No matter the state of the economy, cash is king, and a lack of positive cash flow can cause a small or midsize enterprise (SME) to fail. SME leaders and decision-makers may want to consider adopting a disciplined approach to cash-flow management to help optimize profitability during good times—and help prepare for any belt-tightening that comes with challenging times.
In simplest terms, cash-flow management involves finding ways to slow your outflow of money while accelerating its inflow, so you don’t run out of cash when you need it most.
Business Cash-Flow Management Begins with Planning
It’s likely that your business has its own unique pattern in terms of when customers pay you and when your highest expenses are due. The first step in turning your business cash flow positive is to clearly understand these patterns.
Chances are, you already know when you have to pay your employees, when business rent or mortgage payments are due and when payments are due on equipment (e.g., payments on a truck). Beyond this, are there times of the month, quarter or year when you typically pay out sizable amounts of money but payments owed to you haven’t yet been made? Is there a time of month when accounts receivables are most often paid? To answer cash-flow questions like these, review your monthly accounting and business credit card statements and track your bank statements to see if balances consistently drop at specific times.
When engaging with a new customer, consider asking how they would like to be paid. You can then establish a routine immediate payment mechanism (and expectations) along with your new relationship.
Then, consider issues that are a bit less predictable. For example, what would happen if a major client suddenly didn’t pay on time? If you’re a retailer, what would happen if a major local employer announced layoffs? If you’ve engaged a consultant on a one-time project, when will she bill? Will that happen at the end of the project, or at important milestones? Do you know when those milestones are coming?
Receivables: Getting Paid Faster
Now that you know more about your business cash flow, you can work on improving it.
First, consider receivables. Step one is to always bill ASAP, preferably on the same day you’ve delivered your product or service. Don’t delay invoices until they can all be written at once. Next, meticulousness matters: Make sure every invoice accurately reflects the customer’s payment instructions, including correct recipients and purchase order numbers. Rejected invoices mean delays that can wreak havoc, turning positive cash flow negative. Finally—and this is hard, as many companies strive to increase payment terms—try to move towards shorter “payment due” periods (ideally “due upon receipt”), at least with newer clients.
In connection with these steps, many companies accelerate payments by encouraging customers to use business credit cards or other forms of instant electronic payment. Credit cards can be especially attractive because you’re paid almost immediately while your customer may not be billed until next month.
When engaging with a new customer, consider asking how they would like to be paid. You can then establish a routine immediate payment mechanism (and expectations) along with your new relationship. As you move more payments to business credit cards, also look for opportunities to use today’s popular subscription paradigm by arranging automated payments for services you regularly deliver every month.

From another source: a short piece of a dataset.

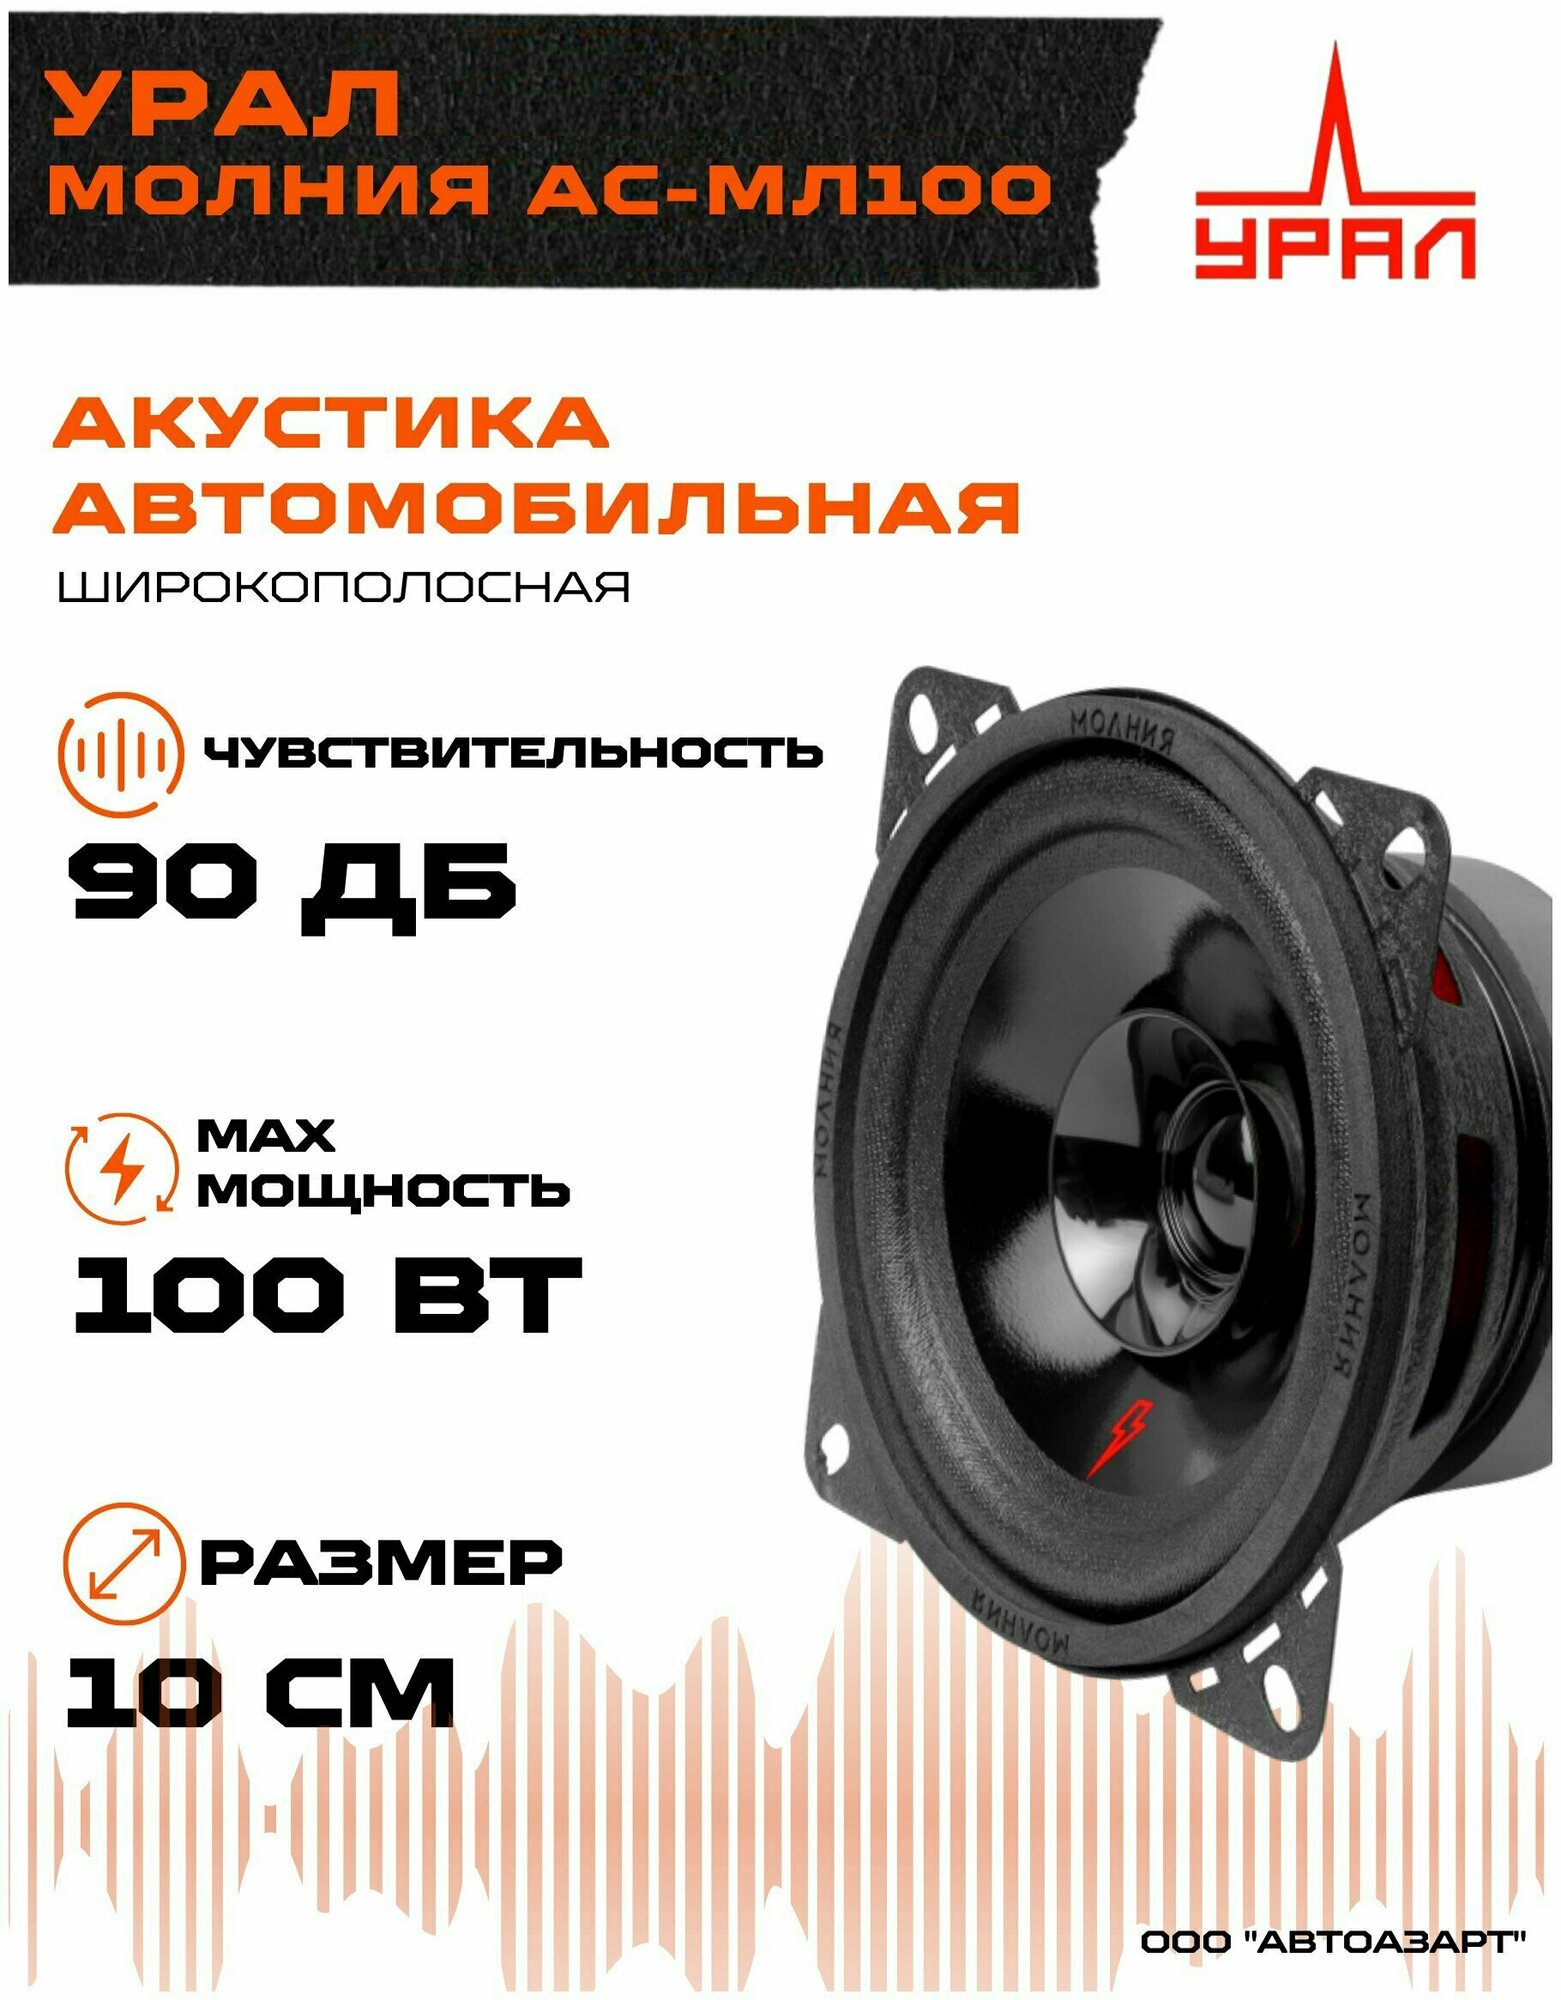 Автомобильная акустика Урал Молния АС-МЛ100 (10см) ( Громкая  широкополосная  пара)

Payables: Using Credit Cards to Help Smooth Business Cash Flow
Like your customers, you can also smooth cash flow by moving more payments to business credit cards—especially payments that are due immediately. Consider credit cards that offer special features focused on helping with business cash flow.
For example, certain business credit cards may give you as much as 60 days to pay. Some let you carry a balance from one month to the next. Some let you choose what time of month you’ll be billed, to accommodate cash flow patterns you’ve identified. Some even give you an early pay discount if you happen to have extra cash in a given month.
So, too, some business cards provide tools for scheduling electronic payments to vendors in advance. That lets you hold onto precious cash as long as possible, and still be sure your payments will arrive in time to avoid late fees. Don’t forget the side benefits of scheduled e-payments. First, you write fewer checks. Second, depending on the card, credit card payments may offer you rewards or rebates that you can reinvest into your business.
Maintaining timely payments on certain business cards may even qualify you for short-term business financing from the card provider. These could include fixed-fee, no-interest loans to fund strategic projects; working capital to strengthen cash flow and bridge temporary gaps; or even debt consolidation loans that lower your overall interest payments.
Experts recommend that every SME keep cash flow management top of mind. That involves implementing best practices for receivables and payables. Business credit cards can be a useful tool for optimizing cash flow on both ends.